Have you ever tried to re-run an analysis done by other research groups, your team members or even yourself after a few years? Even with available datasets and documentation, reproducing results from previous studies is not always as simple as one may expect. Data reproducibility is a measure of whether published results can be regenerated using the original researchers’ data and analysis codes. It evaluates whether a research finding can be validated, which is critical for peer review and quality control on any novel claims within the scientific community.
To ensure accuracy and to minimize research biases, novel scientific claims need to be validated by result reproducibility with transparency to the original data and methodologies. A 2016 Nature survey of over 1500 researchers reported that more than 70% failed to produce others’ experiments and more than half failed to reproduce their own . Approximately 90% of the scientific researchers acknowledged that we are now in a "reproducibility crisis.”
In computational biology research, reproducibility is further complicated by inherent issues related to the development and execution of scientific software. Latent software errors are hidden flaws in a software that may not lead to a failure and may remain undetected even after the software release. In programming, 15 to 50 errors are estimated to be present in every 1000 lines of delivered code . It is exceedingly rare to achieve below 1 error per 1000 lines.

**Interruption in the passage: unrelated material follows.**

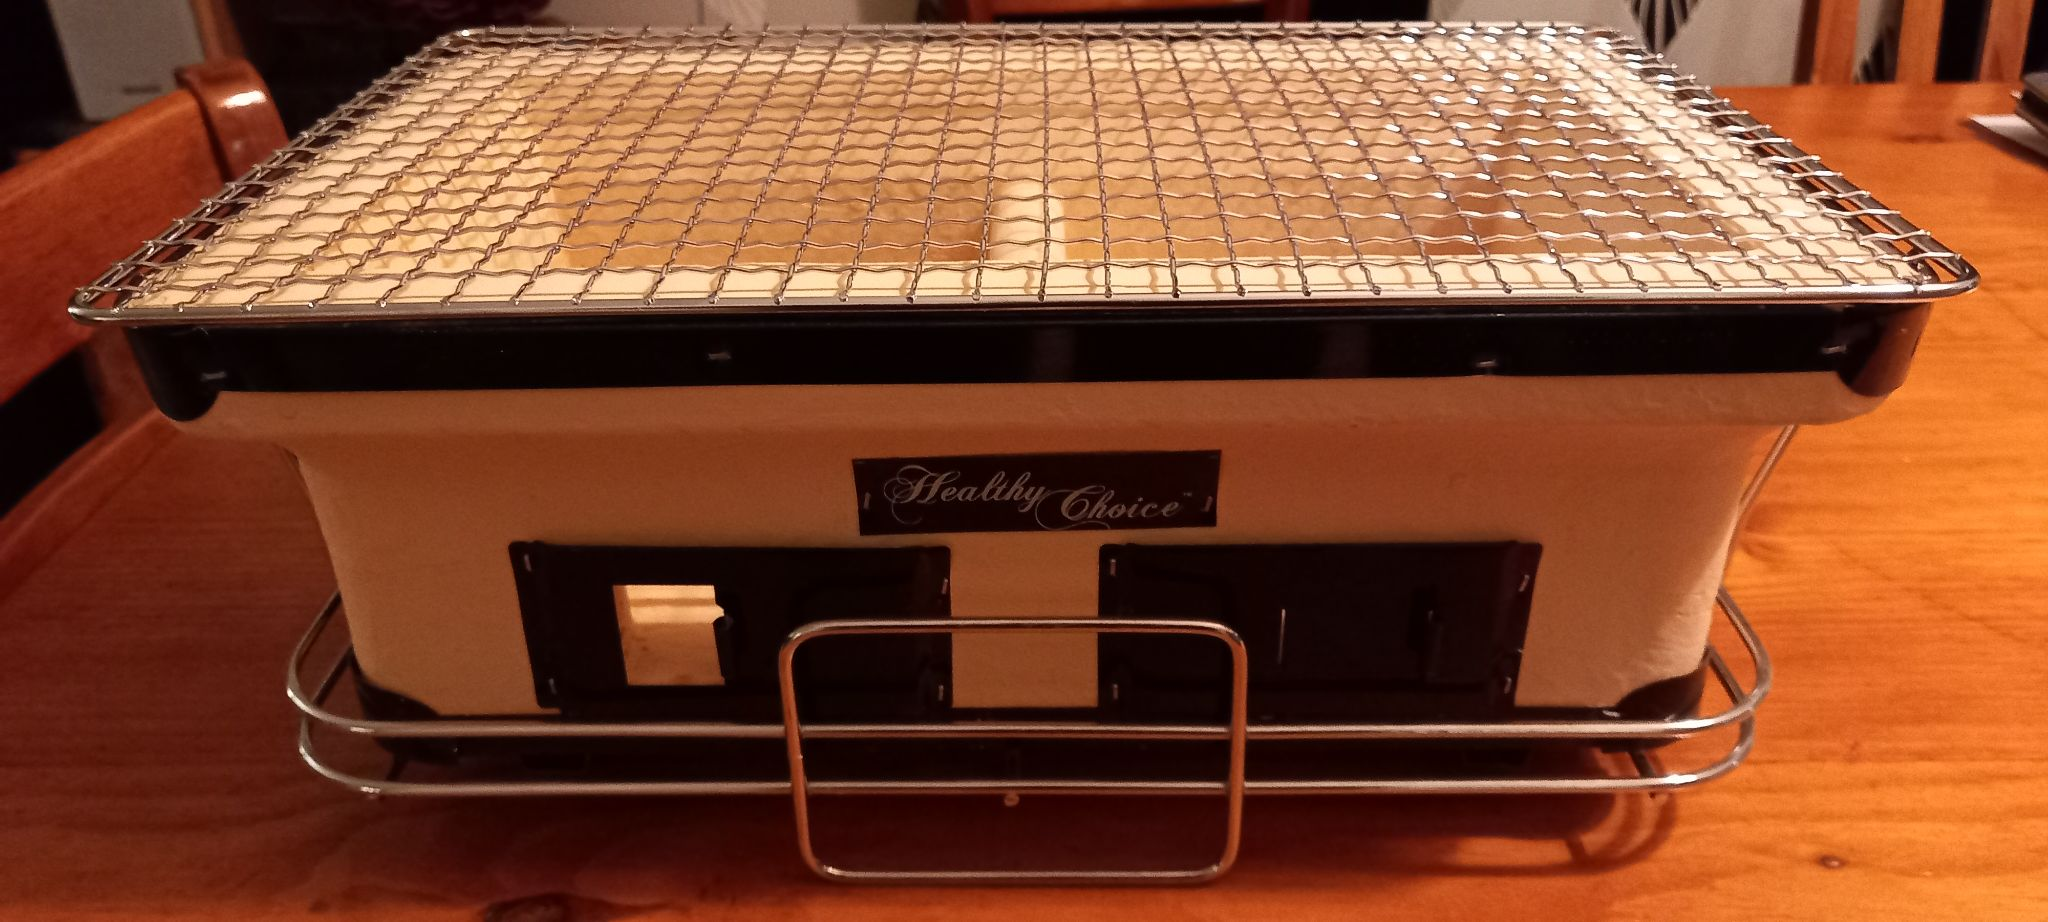 A modern hibachi grill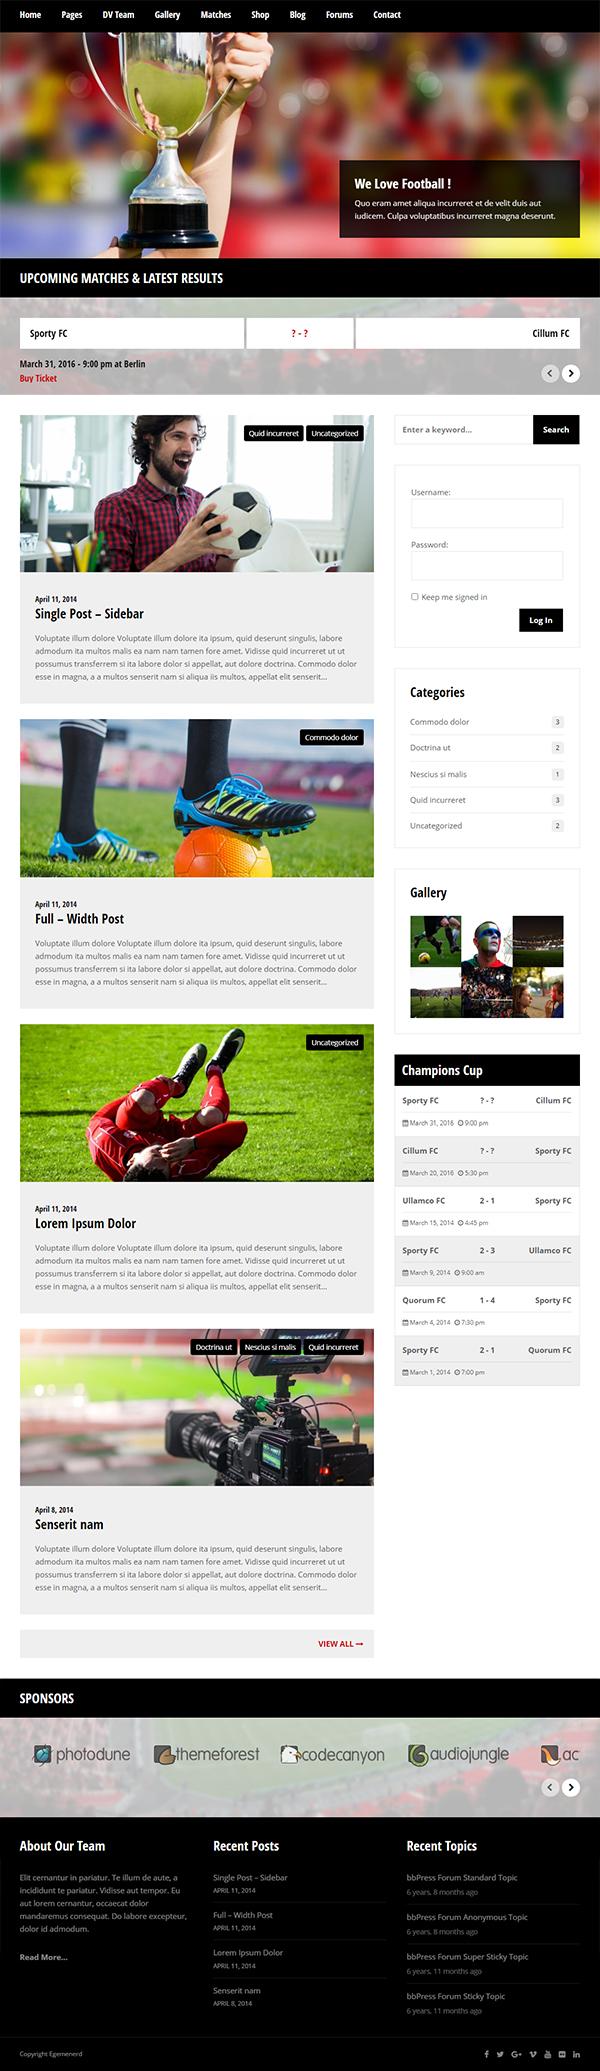 Sporty Responsive WordPress Theme for Sport Clubs

Other software-related issues impacting data reproducibility include the lack of software verification (when software behaviours differ from developers’ assumptions), non-deterministic algorithms (inconsistent behaviours in different runs using the same input), and differences computational resources used by different users .
As in silico experiments become more popular with the advancement of sequencing technologies, it is therefore necessary to ensure data reproducibility at every stage of our computational research, from software development to data analysis and interpretation.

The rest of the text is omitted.